ふと何かを企むように目を細め、彼はことりと首をかしげた。
「なんなら、僕と勝負してみる?
あの馬鹿相手なら負けるつもりはないけど。」
唐突な話に、俺は動揺する。
しかしそんなの見せられるはずがなくて、小さく笑って見せた。
役者魂だ。
「今までの話聞いてたか?
俺は遊ぶつもりはねぇ。」
すると楽しげに鶯色が笑った。
「弱気だね。
芯まで女になった?」
安い挑発だ。
「潔癖症のくせに。」
「それが不思議なことに、花なら触れるんだ。
この前知ったんだよ。」
鏡花ちゃんが自分の細いけれど節張った綺麗な手を見て、意味深に微笑んだ。
(いつもグズと呼ぶくせに。)
ただ彼女の名前が呼ばれただけで、ずくりと胸がきしむ。
彼が自分の手で何を思い出しているのかと考えるだけで、虫唾が走る。
この前、と言われて思い当たるのは一つしかない。
(襲われたのを助けてくれたと思ったが・・・。)
鏡花ちゃんもこれでも女が今までいなかったわけじゃない。
あの時はあんなに手を出していないと言っていたけれど、そうでもないかもしれない。
彼も容姿と相まってわりと女に好かれる方だ。
よりどりみどりと言っても過言ではないだろう。
彼自身、もともと花のことは嫌いではない。
むしろ毒を吐きつつも面倒を見ていることも多く、好いているだろうことは薄々感じてはいた。
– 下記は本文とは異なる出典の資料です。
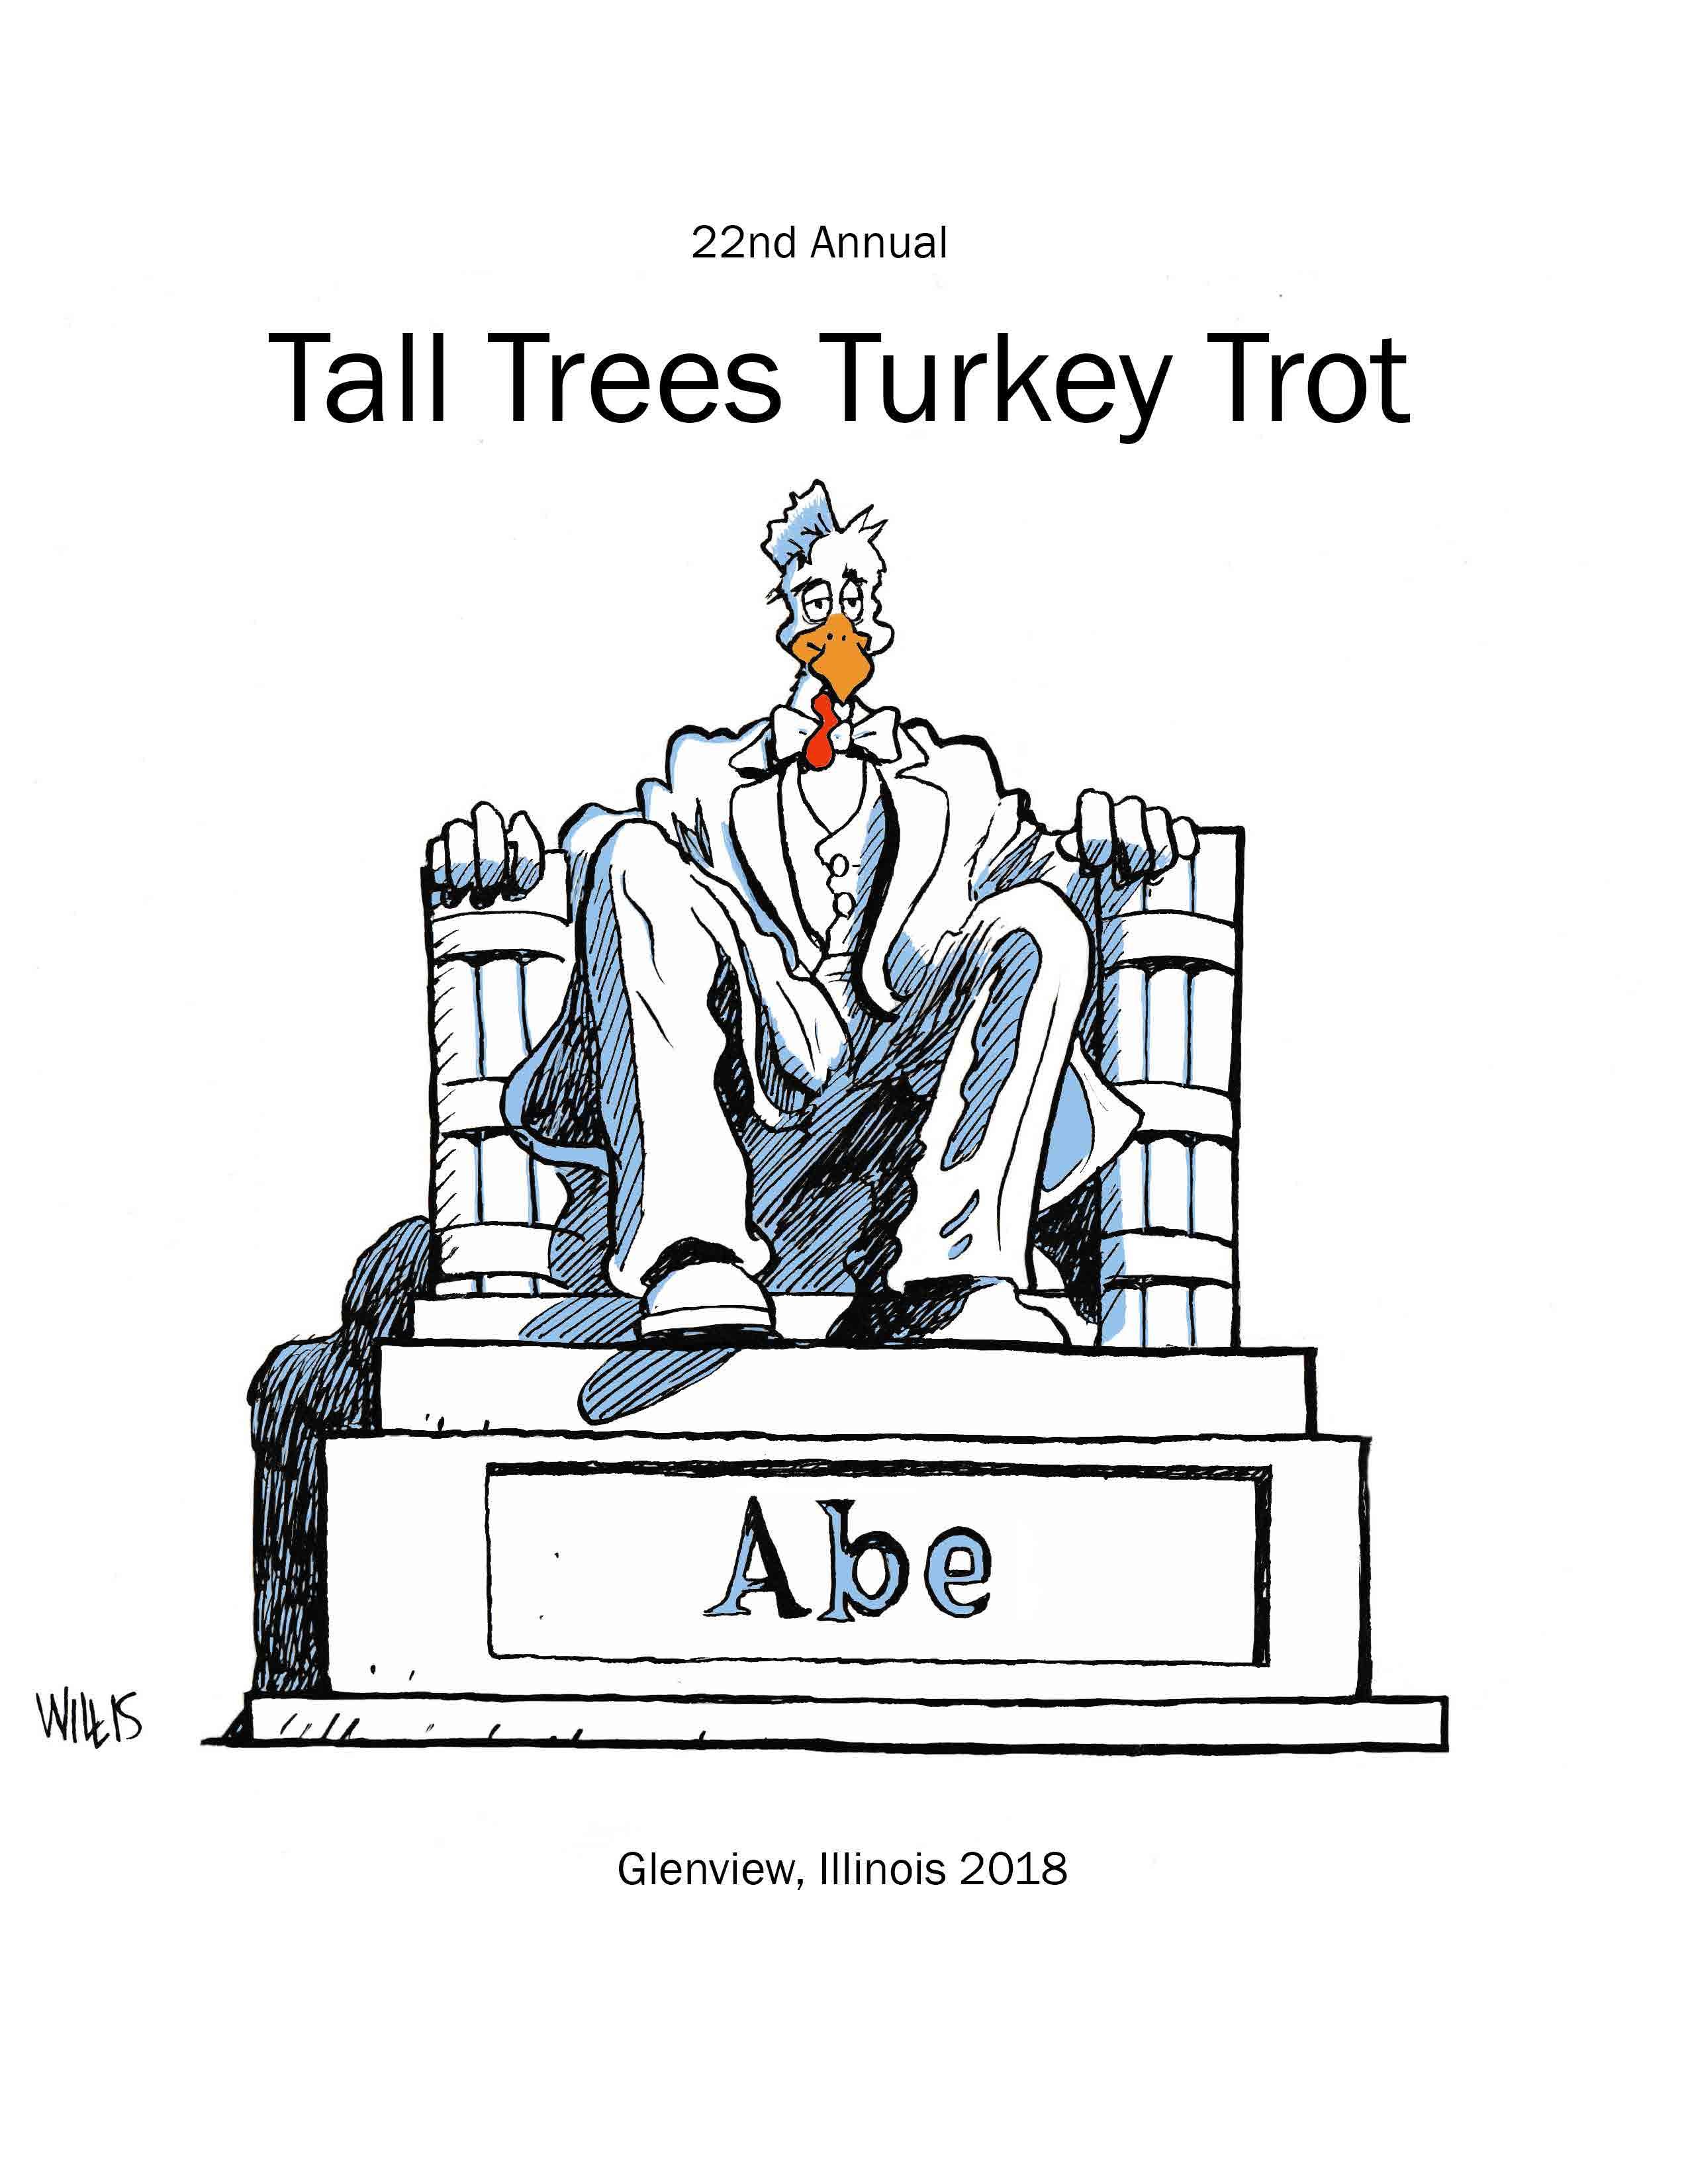 22ND ANNUAL TALL TREES TURKEY TROT
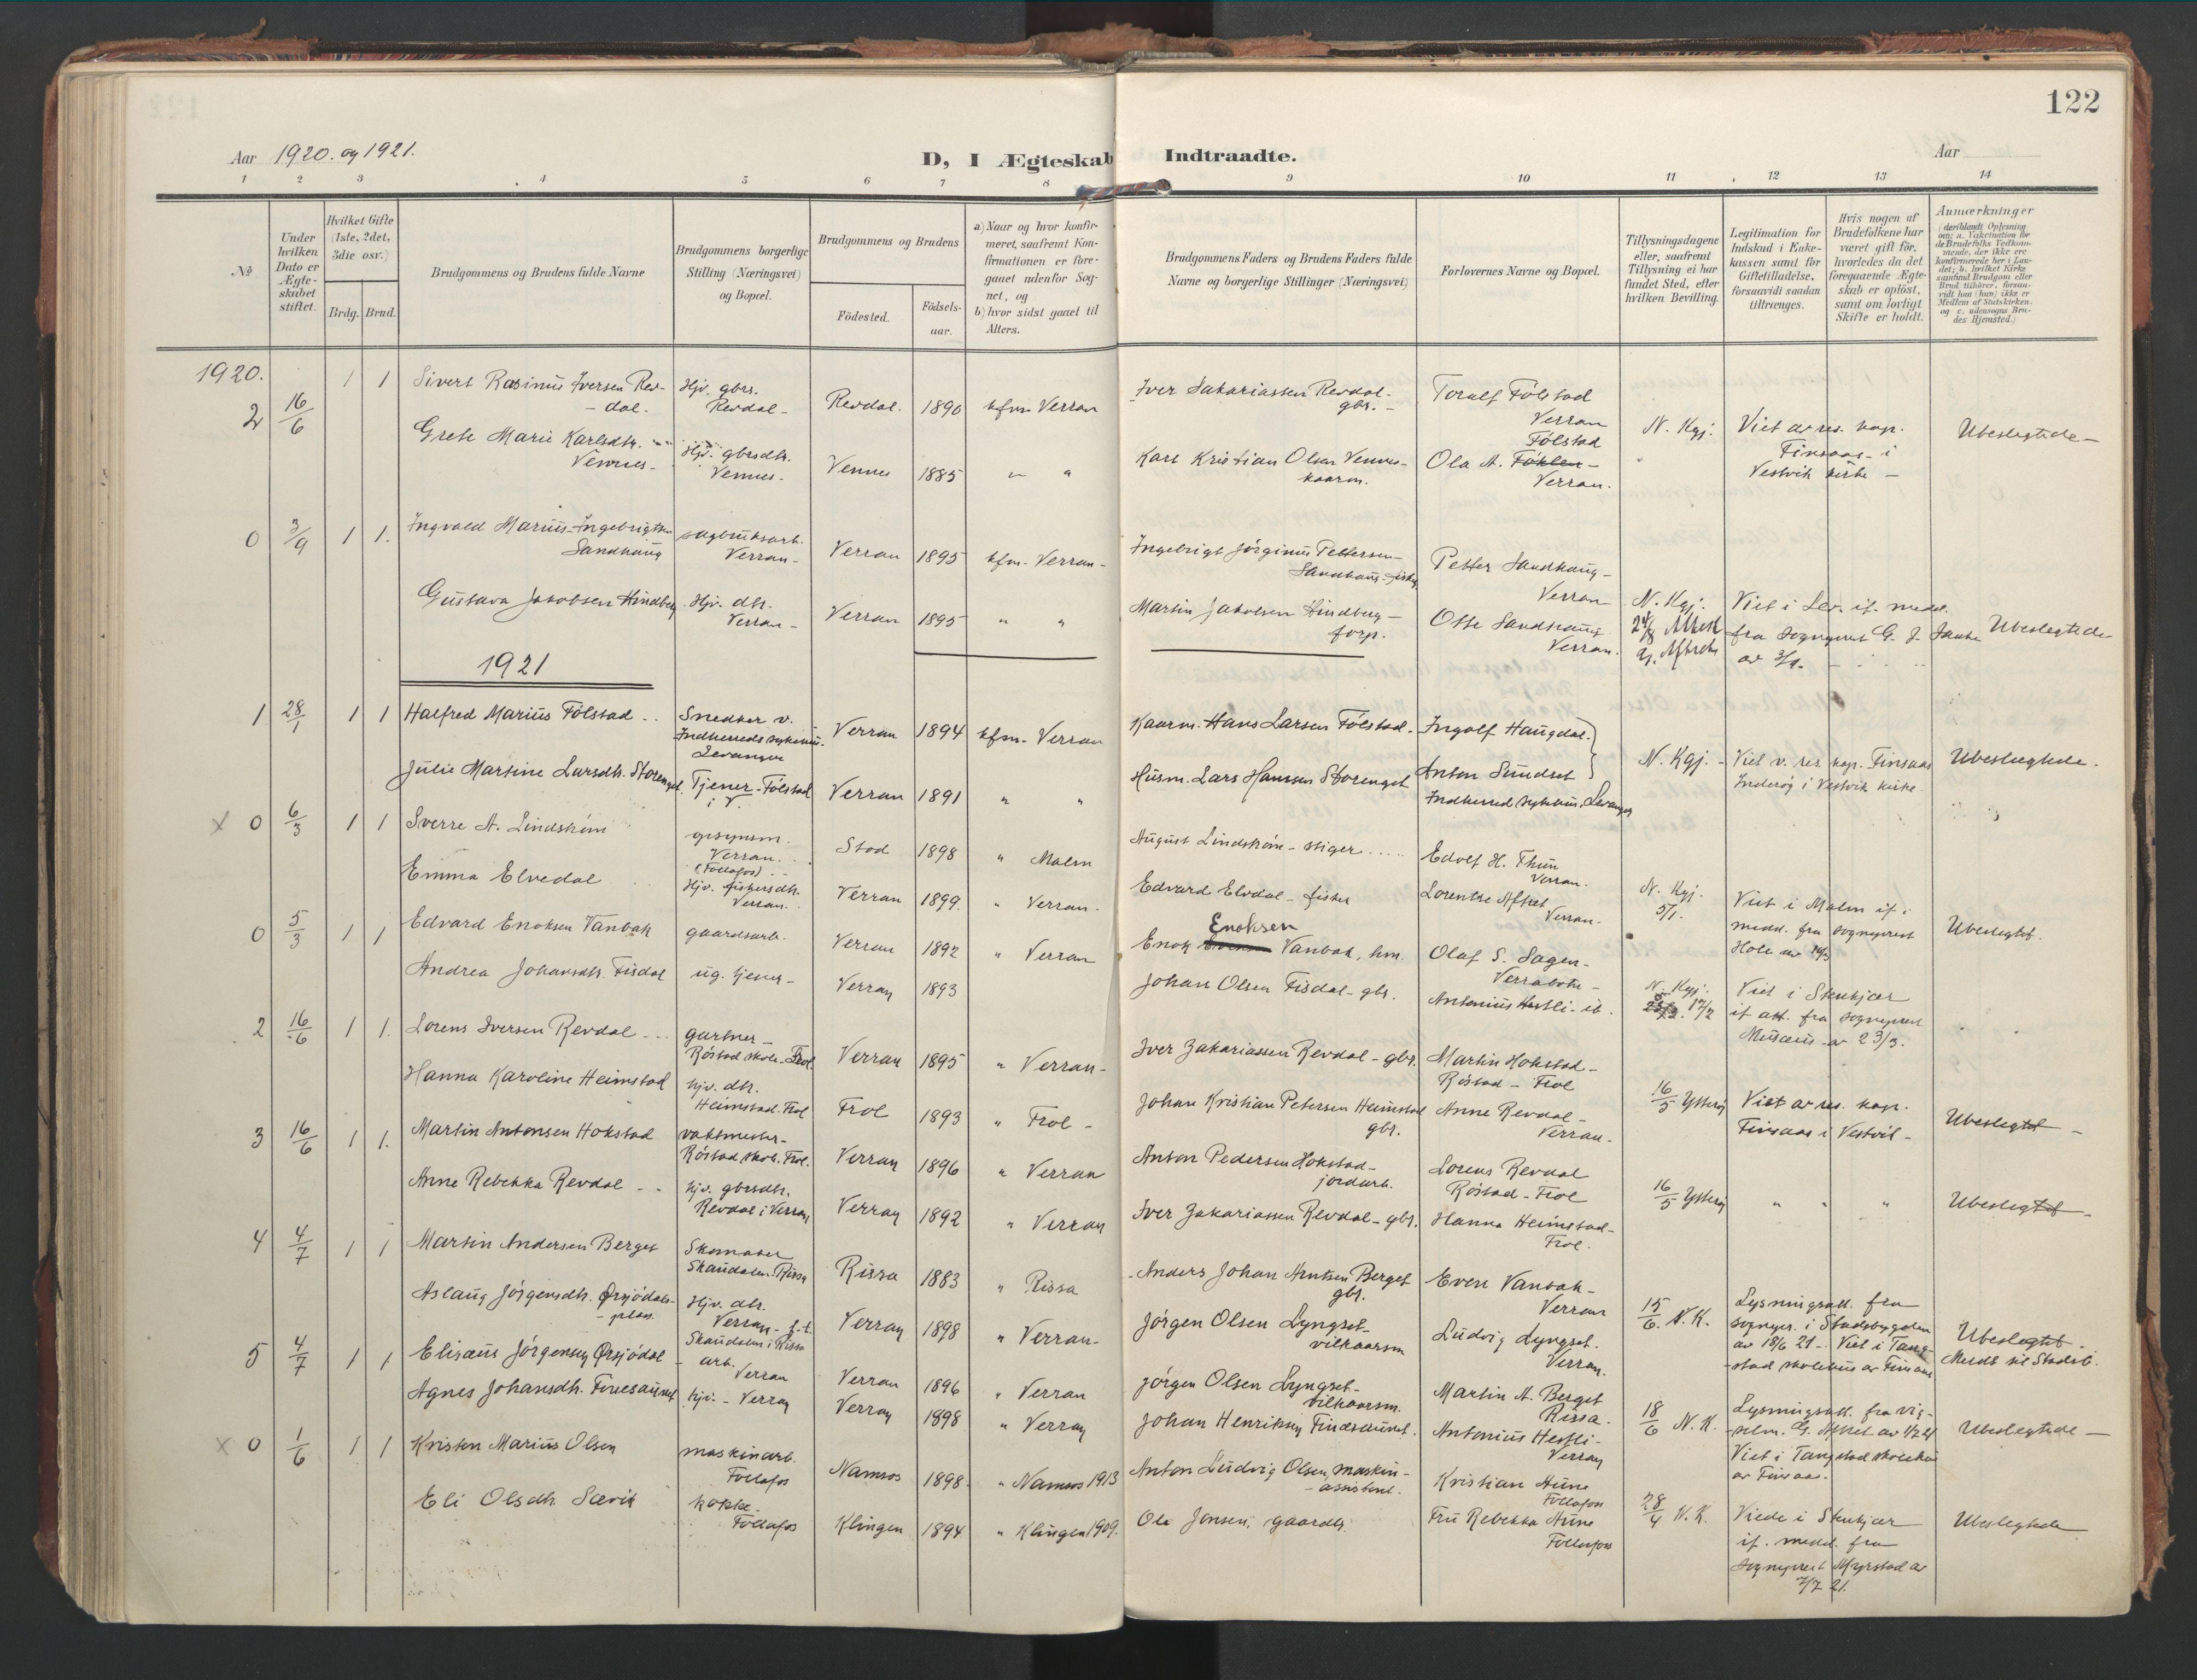 SAT, Ministerialprotokoller, klokkerbøker og fødselsregistre - Nord-Trøndelag, 744/L0421: Ministerialbok nr. 744A05, 1905-1930, s. 122

隣で無防備で寝る花の甘い誘惑は、身を持って体験しているだけに、その誘惑に負ける想像は難しくはない。
「だからなんだっていうんだ。」
睨みを利かせてもそれに怯むような相手でもない。
「さぁて、どっちに落ちるかな。」
楽しげに熱燗を眺める瞳は、花を思っているのか優しく揺らいでいて、それに無性に腹が立った。